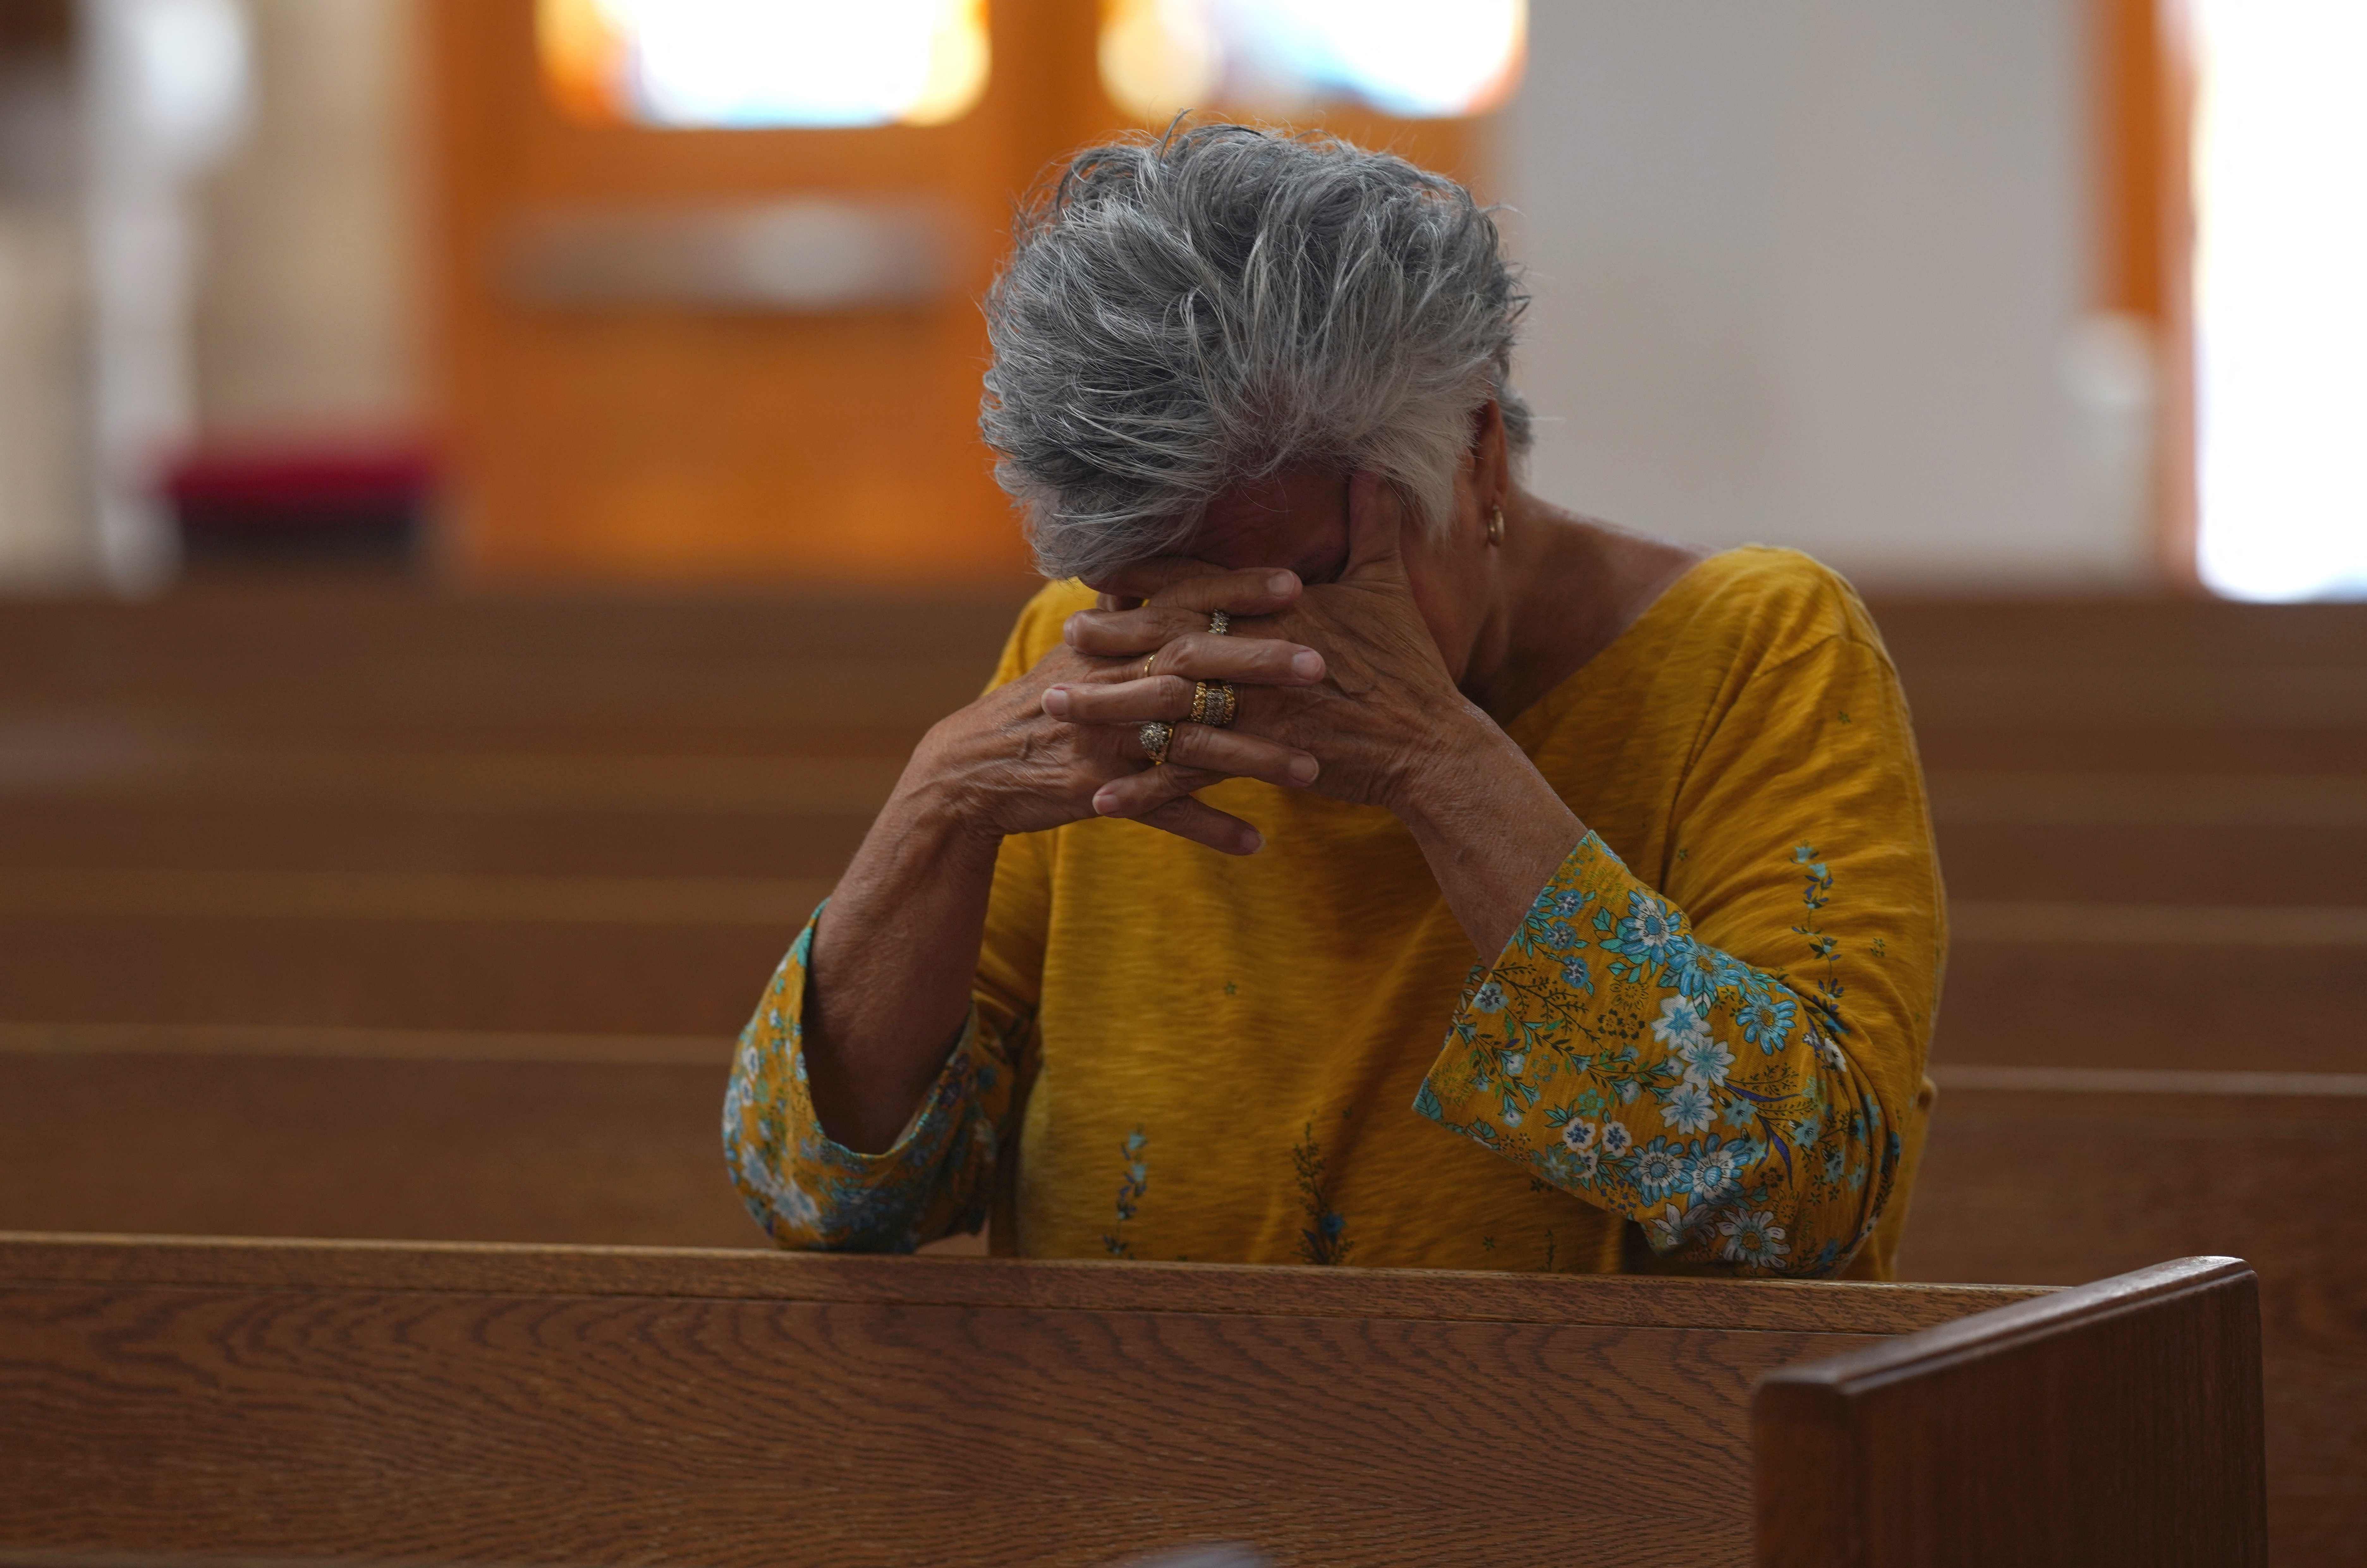 Catholic faithful attend a Mass at at Sacred Heart Catholic Church in Uvalde Texas, on May 25, 2022, one day after a gunman opened fire at Robb Elementary school. Credit: AFP Photo
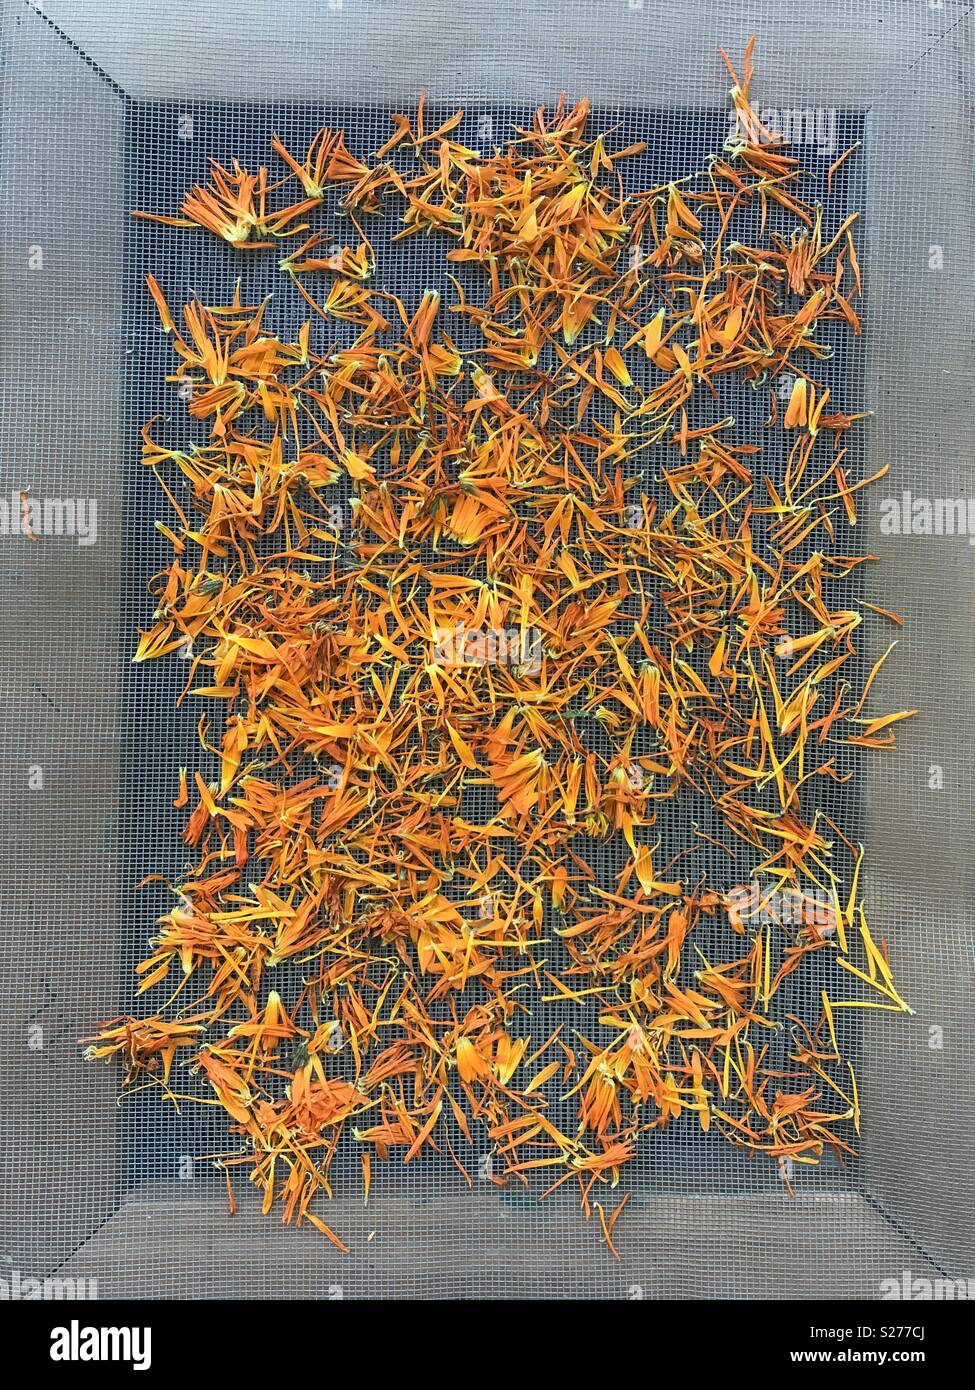 Drying flower petals of Calendula, used in soap-making, other medicinal uses Stock Photo
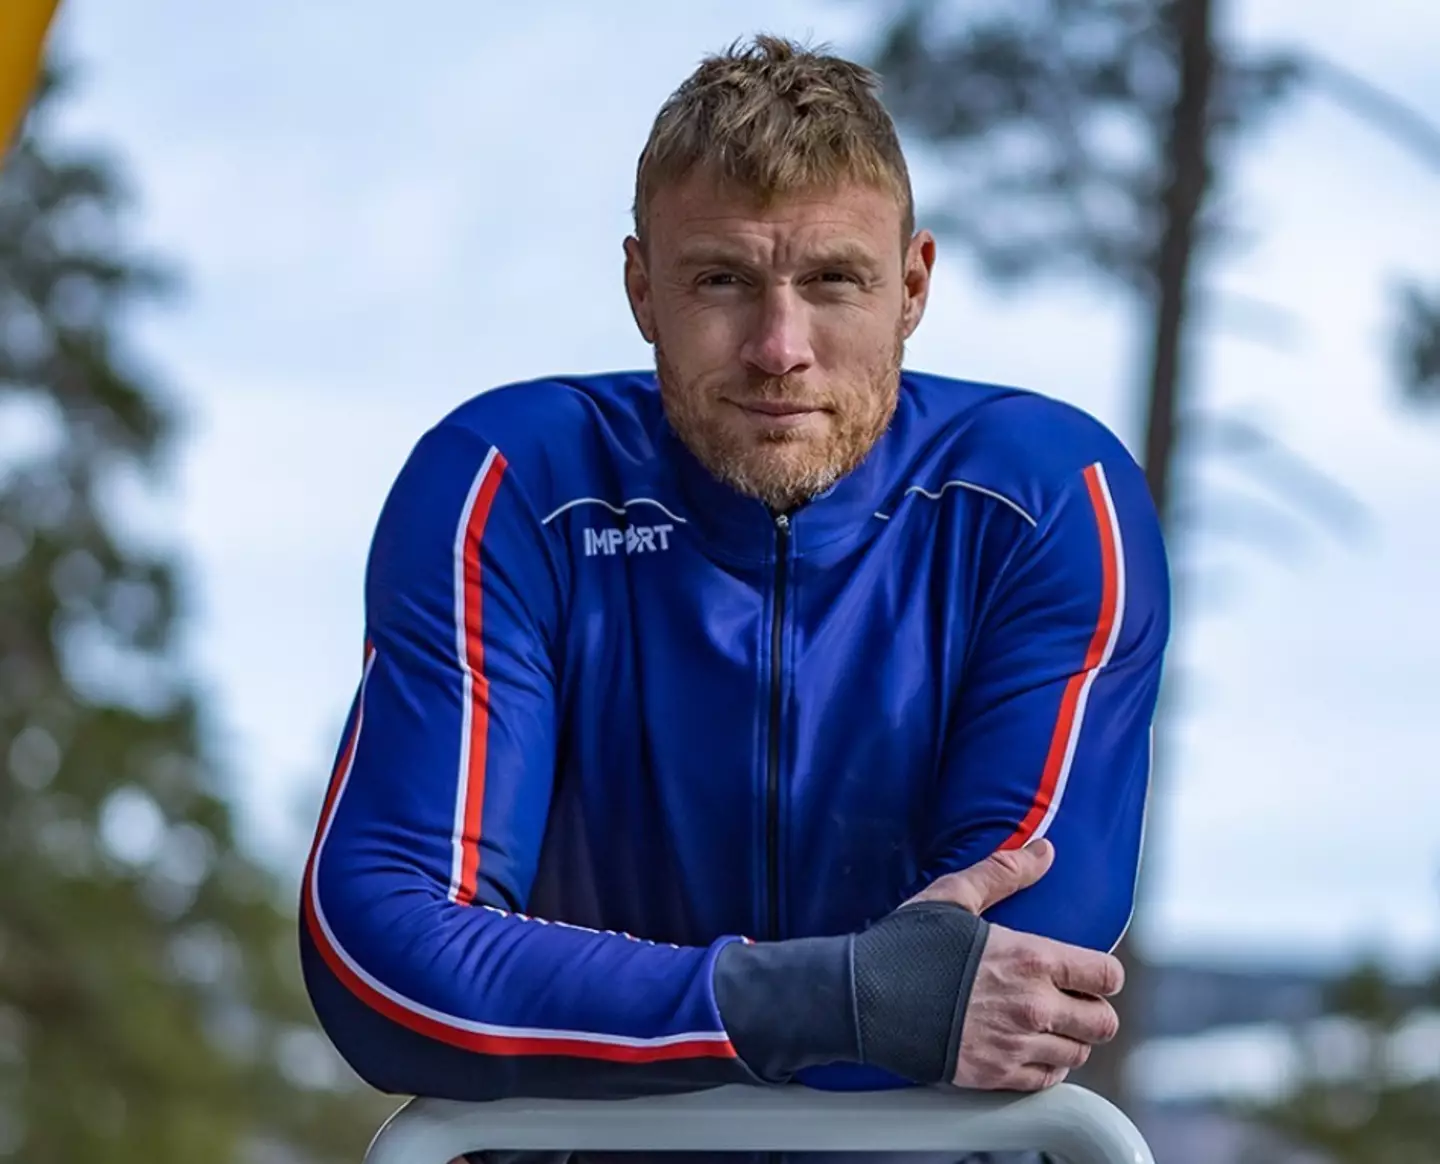 The BBC has apologised to Flintoff.

+===+

> _Problem description_:
What you need to retype is every line from the one that has "Drying flower petals" through the last line of the listing, both included, with the pictures left out.

> _Reply to the task_:
 Drying flower petals of Calendula, used in soap-making, other medicinal uses Stock Photo
 The BBC has apologised to Flintoff.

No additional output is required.